Infection and Immunity ◽

10.1128/iai.00249-07 ◽

2007 ◽

Vol 75 (6) ◽

pp. 3014-3020 ◽

Cited By ~ 35

Author(s):

Anne-Marie Deans ◽

Susana Nery ◽

David J. Conway ◽

Oscar Kai ◽

Kevin Marsh ◽

...

Keyword(s):

Plasmodium Falciparum ◽

Severe Malaria ◽

Uncomplicated Malaria ◽

Molecular Basis ◽

Glycophorin A ◽

Invasion Pathways ◽

Significant Difference ◽

Erythrocyte Binding ◽

Malaria Severity

ABSTRACT The invasion of erythrocytes by Plasmodium falciparum occurs through multiple pathways that can be studied in vitro by examining the invasion of erythrocytes treated with enzymes such as neuraminidase, trypsin, and chymotrypsin. We have studied the invasion pathways used by 31 Kenyan P. falciparum isolates from children with uncomplicated or severe malaria. Six distinct invasion profiles were detected, out of eight possible profiles.
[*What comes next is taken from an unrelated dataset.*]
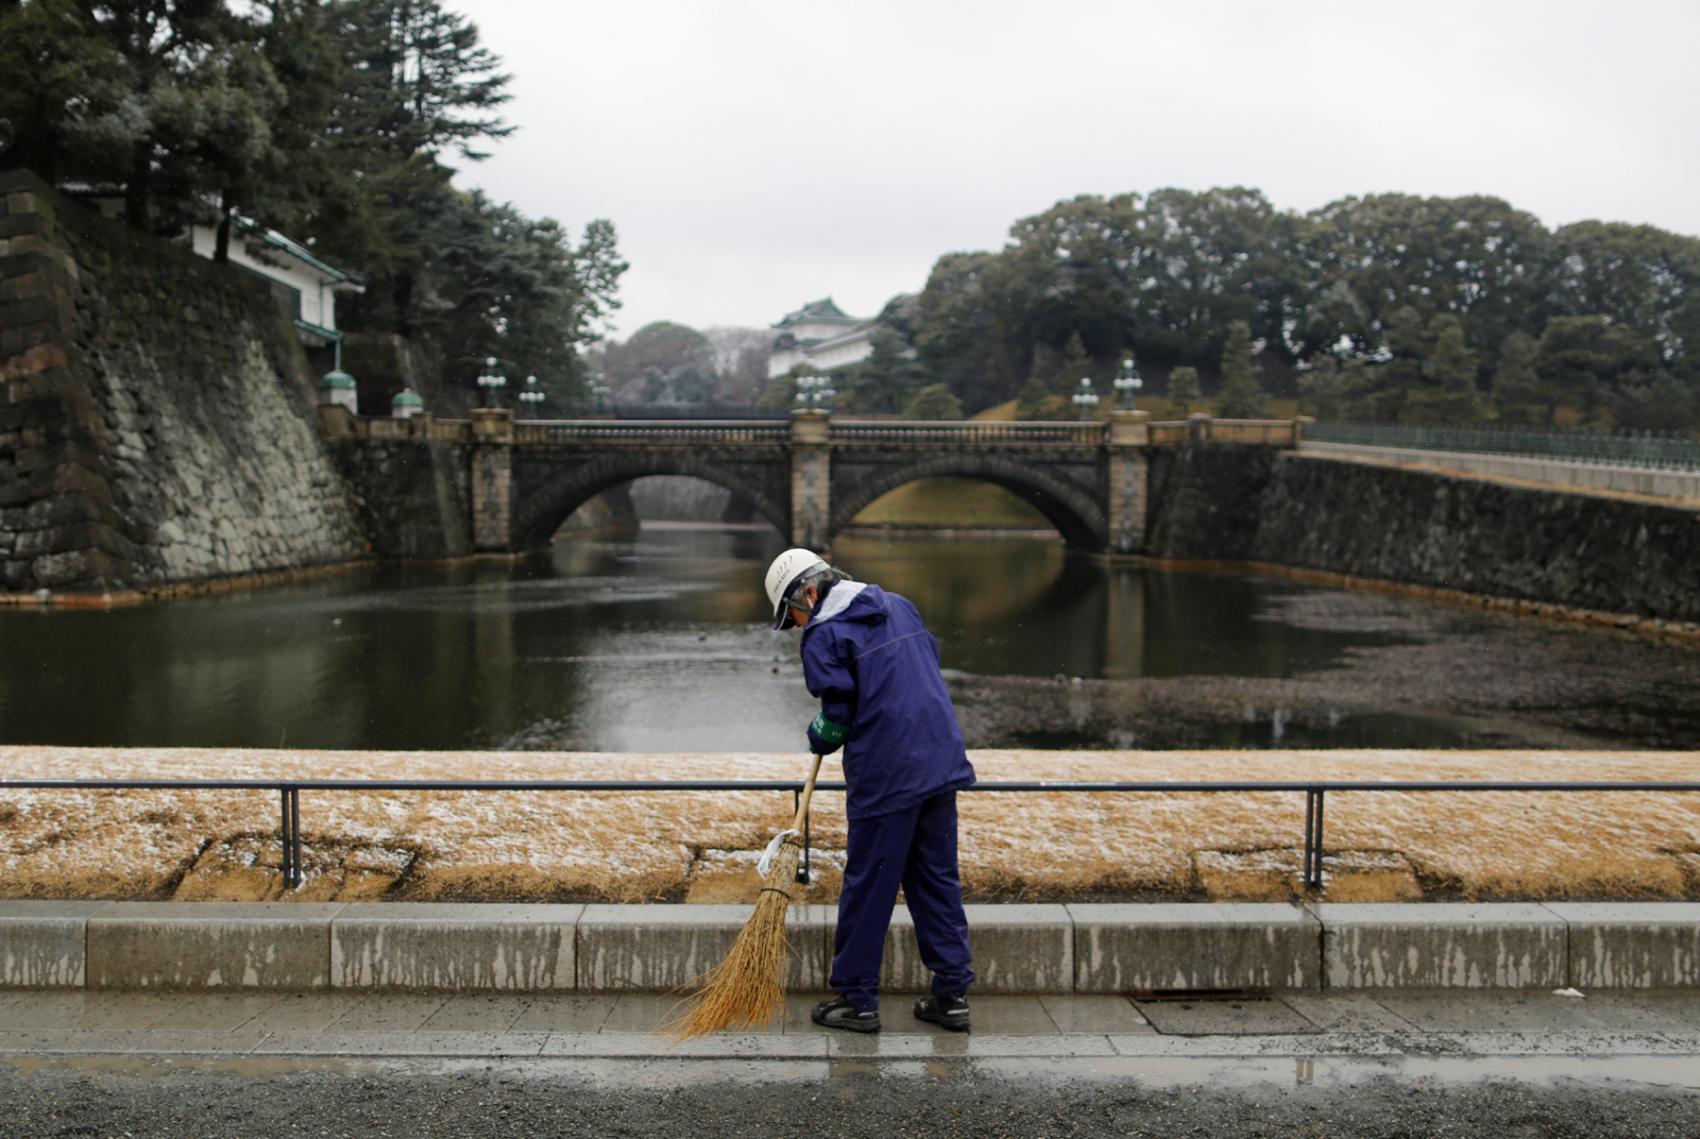 Tokyo turun salju hari ini serta cuaca ekstrim terjadi di Jepang
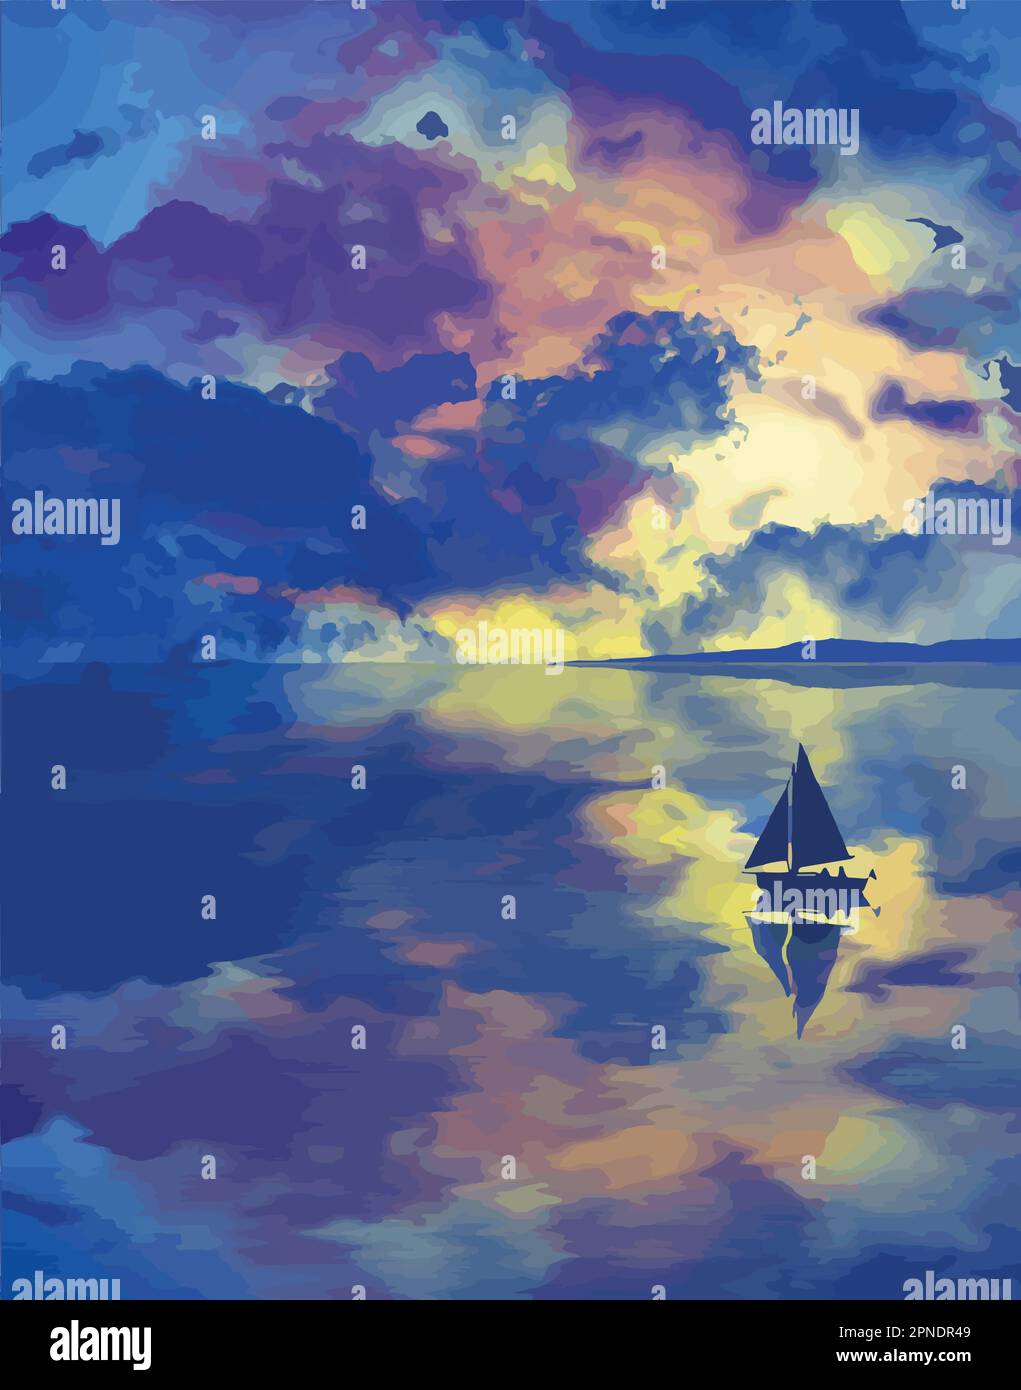 Un bel cielo crepuscolo con nuvole colorate si riflette in un lago dove una barca a vela è galleggiante. Si tratta di un'immagine vettoriale. Illustrazione Vettoriale

The majority of isolates (23 of 31) showed neuraminidase-resistant, trypsin-sensitive invasion, characteristic of the pathway mediated by an unknown parasite ligand and erythrocyte receptor “X.” The neuraminidase-sensitive, trypsin-sensitive phenotype consistent with invasion mediated by the binding of parasite ligand erythrocyte binding antigen 175 to glycophorin A, the most common invasion profile in a previous study of Gambian field isolates, was seen in only 3 of 31 Kenyan isolates. No particular invasion profile was associated with severe P. falciparum malaria, and there was no significant difference in the levels of inhibition by the various enzyme treatments between isolates from children with severe malaria and those from children with uncomplicated malaria (P, >0.1 for all enzymes; Mann-Whitney U test). These results do not support the hypothesis that differences in invasion phenotypes play an important role in malaria virulence and indicate that considerable gaps remain in our knowledge of the molecular basis of invasion pathways in natural P. falciparum infections.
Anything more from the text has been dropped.